At Samsung Medical Center in Seoul, investigators followed 62,625 screened adults for a median 11.2 years. The age-modified MAF-5 score showed stronger discrimination for liver-related events than the original MAF-5, with a C-index of 0.870 in the Samsung Medical Center cohort report. The original score still showed substantial discriminatory ability over follow-up and separated participants into progressively higher-risk groups across its predefined low, intermediate, and high categories.

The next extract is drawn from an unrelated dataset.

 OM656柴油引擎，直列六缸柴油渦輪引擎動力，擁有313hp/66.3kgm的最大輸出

Researchers assembled a retrospective single-center cohort from health screening data collected in Seoul, South Korea, between January 2001 and December 2016 in adults aged 20 years or older. Of 112,493 screened participants, 62,625 remained after exclusions for chronic hepatitis B or C, heavy alcohol intake, current or prior cancer, organ transplantation, or missing MAF-5 variables. Participants with liver-related events within 6 months of enrollment or with follow-up shorter than 6 months were also excluded. Liver-related events included hepatocellular carcinoma and cirrhosis complications such as ascites, variceal bleeding, or hepatic encephalopathy. During follow-up, 147 participants developed these events, which were the clinical outcome assessed in the cohort.

The original MAF-5 score classified risk as low below 0, intermediate from 0 to below 1, and high at 1 or greater. Observed liver-related event incidence rates were 0.108, 0.576, and 1.520 cases per 1,000 person-years across the low-, intermediate-, and high-risk groups. Discrimination for the original score reached a C-index of 0.818 with a 95% CI of 0.778 to 0.859. Its integrated AUC was 0.784 with a 95% CI of 0.779 to 0.790. The category structure showed a clear stepwise gradient in event risk.

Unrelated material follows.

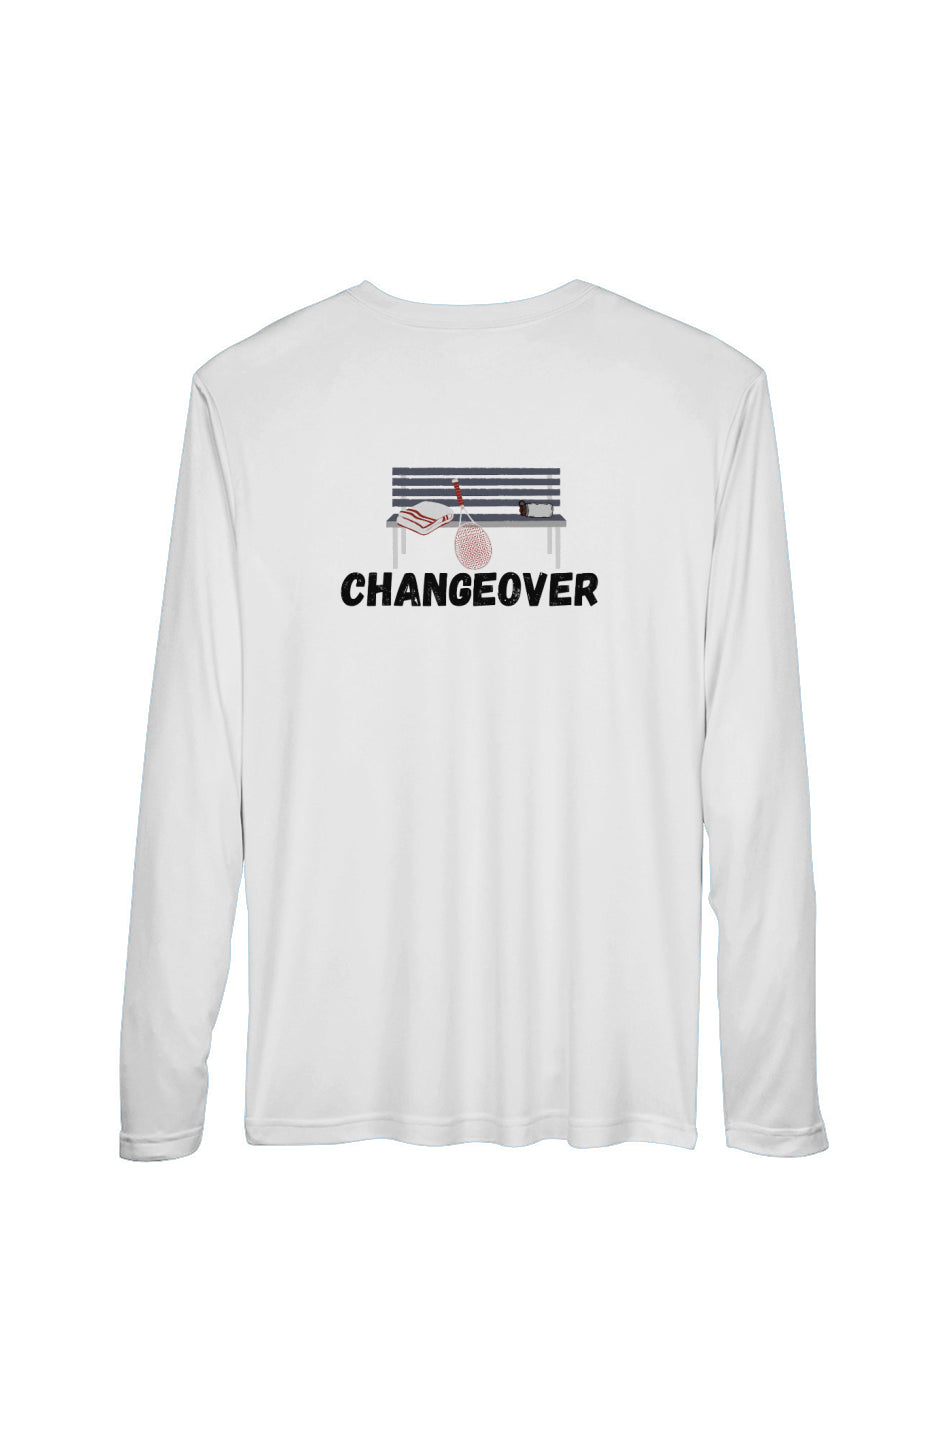 Changeover Men's Long-Sleeve Performance T-Shirt

Investigators defined the age-modified score as 0.648×MAF-5 + 0.087×age and set the high aMAF-5 cutoff at 1.419, corresponding to the 85th percentile. This version achieved a C-index of 0.870 with a 95% CI of 0.837 to 0.904. Its integrated AUC reached 0.858 with a 95% CI of 0.854 to 0.861. Risk also separated further within the same MAF-5 strata. Across the tested biomarkers, aMAF-5 had the highest overall C-index and integrated AUC.

Among comparators, FIB-4 showed a higher C-index than the original MAF-5 at 0.835, while NFS showed a slightly higher integrated AUC at 0.795. The MAF-5 and aMAF-5 comparisons with FIB-4, APRI, and NFS also showed sensitivity-specificity tradeoffs at 5 and 10 years rather than a uniform threshold winner. For example, either-positive high-cutoff criteria raised sensitivity from 0.412 to 0.765 while specificity fell from 0.944 to 0.830. Both-positive rules shifted the tradeoff toward higher specificity, and subgroup analyses by age, sex, and metabolic dysfunction showed good performance in participants with and without metabolic dysfunction.

Interpretation is bounded by the retrospective design, baseline-only score assessment, absent biopsy or elastography data, an all-Asian cohort, and an event definition narrower than broader liver outcomes. Overall, the results reflect long-term discrimination for hard liver-related events within this cohort.